Exam context: Questions may describe a scenario and ask which stage of the pipeline is relevant, or test whether you understand the order of operations.
See also: 1.2 How Cowork Executes Tasks
Execution Plan
The transparent to-do list that Cowork shows you before taking any action. The plan details every read, write, move, and delete operation Claude intends to perform. Reviewing the plan is your primary safety mechanism — it takes 30 seconds and has prevented accidental data loss for many users.
Exam context: Know that the plan appears before execution, that you must click "Allow" to proceed, and that skipping plan review is one of the most common mistakes new users make — especially with parallel execution, where errors multiply across sub-agents.
See also: 1.2 How Cowork Executes Tasks
Sub-Agent
A temporary parallel worker that Claude creates to handle a piece of a larger task simultaneously. Instead of processing 20 files one at a time, Claude can spin up multiple sub-agents that each handle a batch concurrently. Tasks that took 30 minutes in early testing now complete in 4-5 minutes.

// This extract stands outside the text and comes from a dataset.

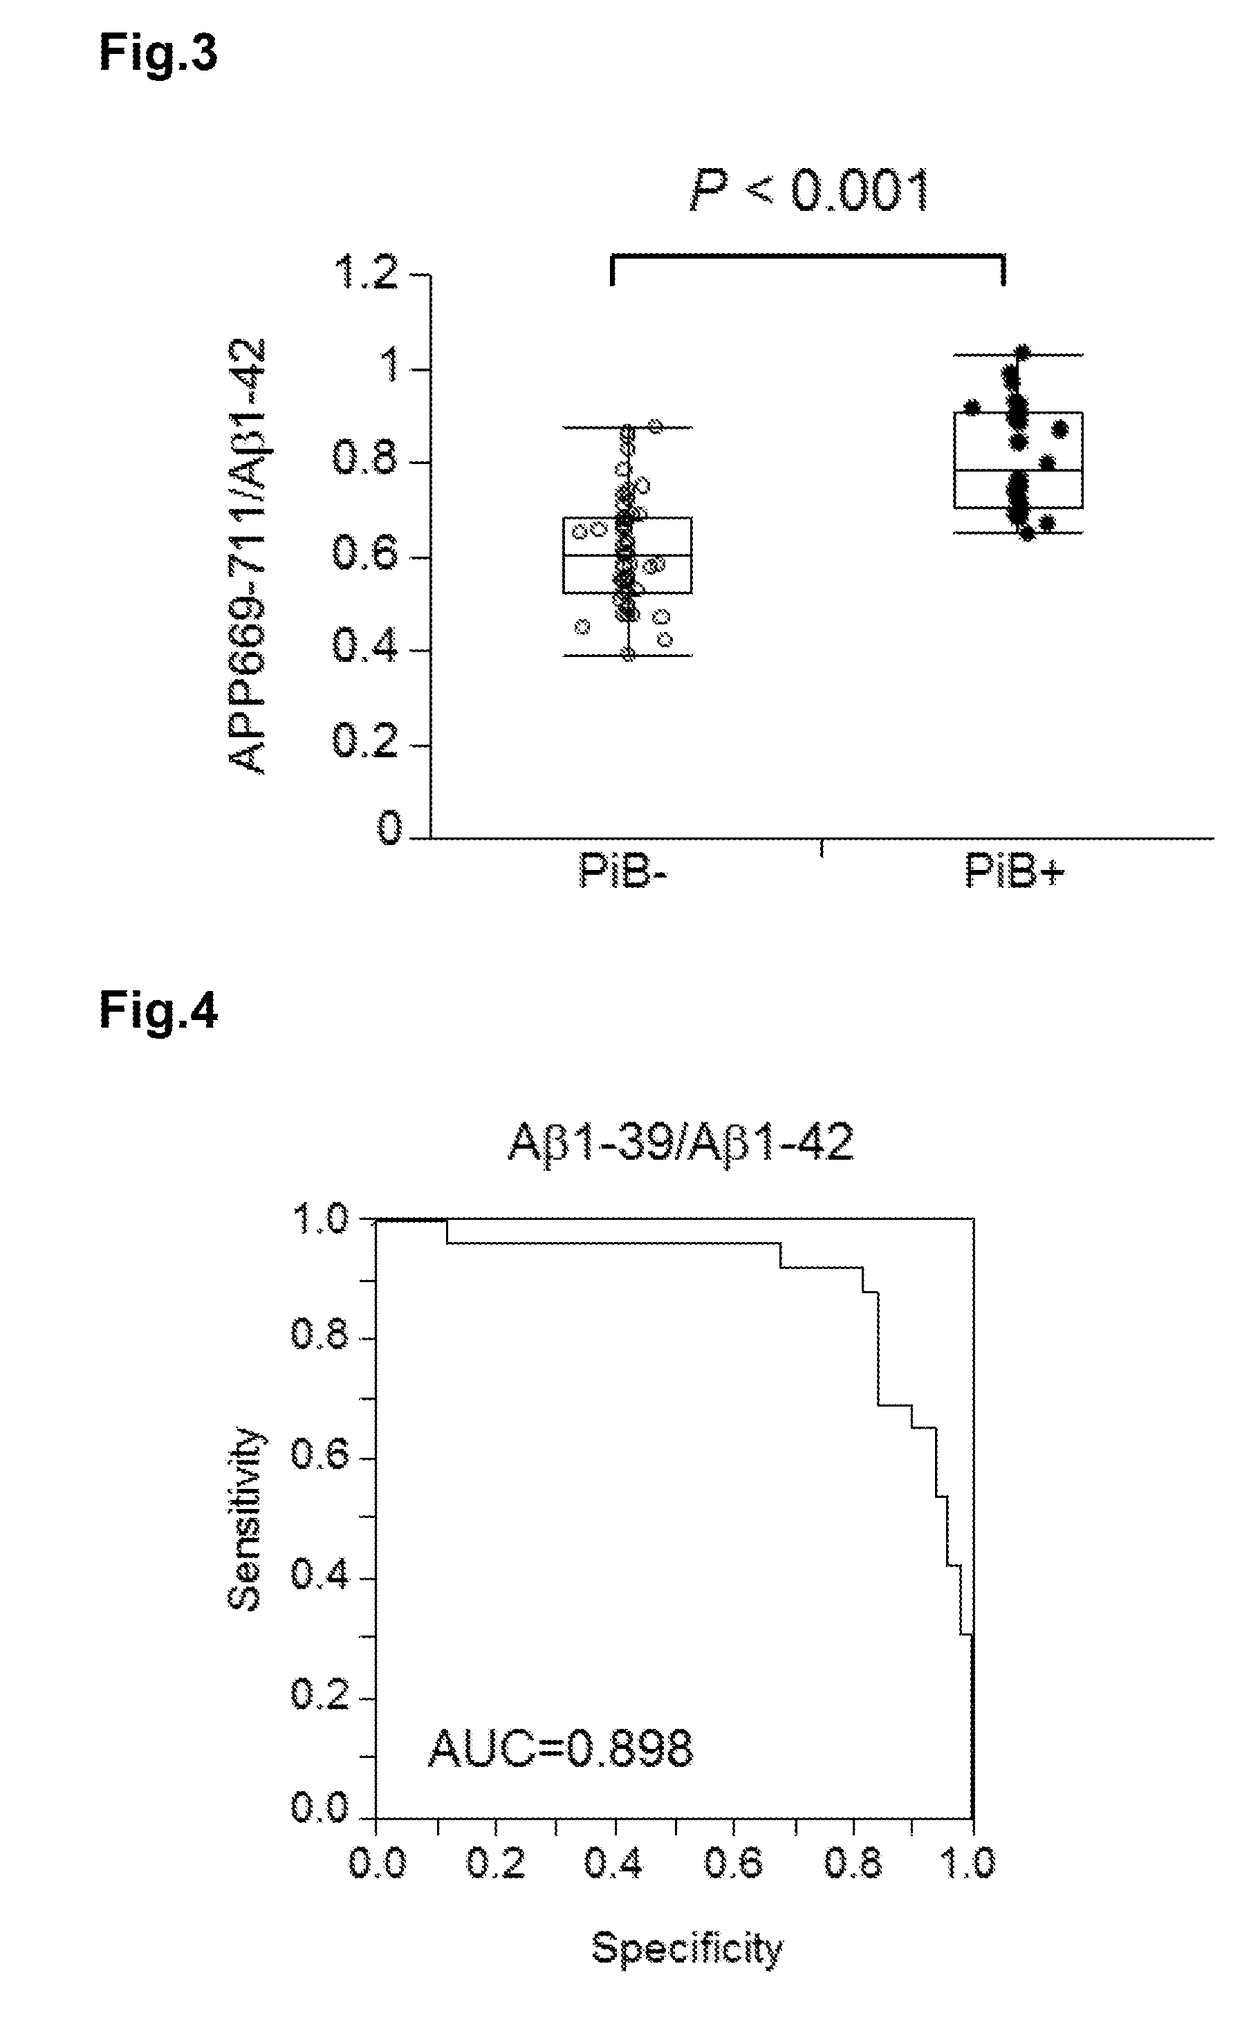 Multiplex biomarker for use in evaluation of state of accumulation of amyloid b in brain, and analysis method for said evaluation

Exam context: Know that sub-agents trigger automatically from natural language ("for each one", "analyse all"), that they consume more tokens (not fewer) due to separate reasoning streams, and that they cannot communicate with each other mid-process.
See also: 1.4 Sub-Agents & Parallel Execution
Directory Scoping
The primary security mechanism in Cowork. When you start a session, you select which folder Claude can access. Claude operates only within that folder and its subfolders — it cannot traverse upward to parent directories, access your Desktop, or read files elsewhere, even if you type the full file path in your prompt.
Exam context: This is the single most important security concept in Domain 1. Questions test whether you know that scoping is per-session, that it cannot be bypassed via prompt instructions, and that broad folder grants (like your entire Documents folder) are a security anti-pattern.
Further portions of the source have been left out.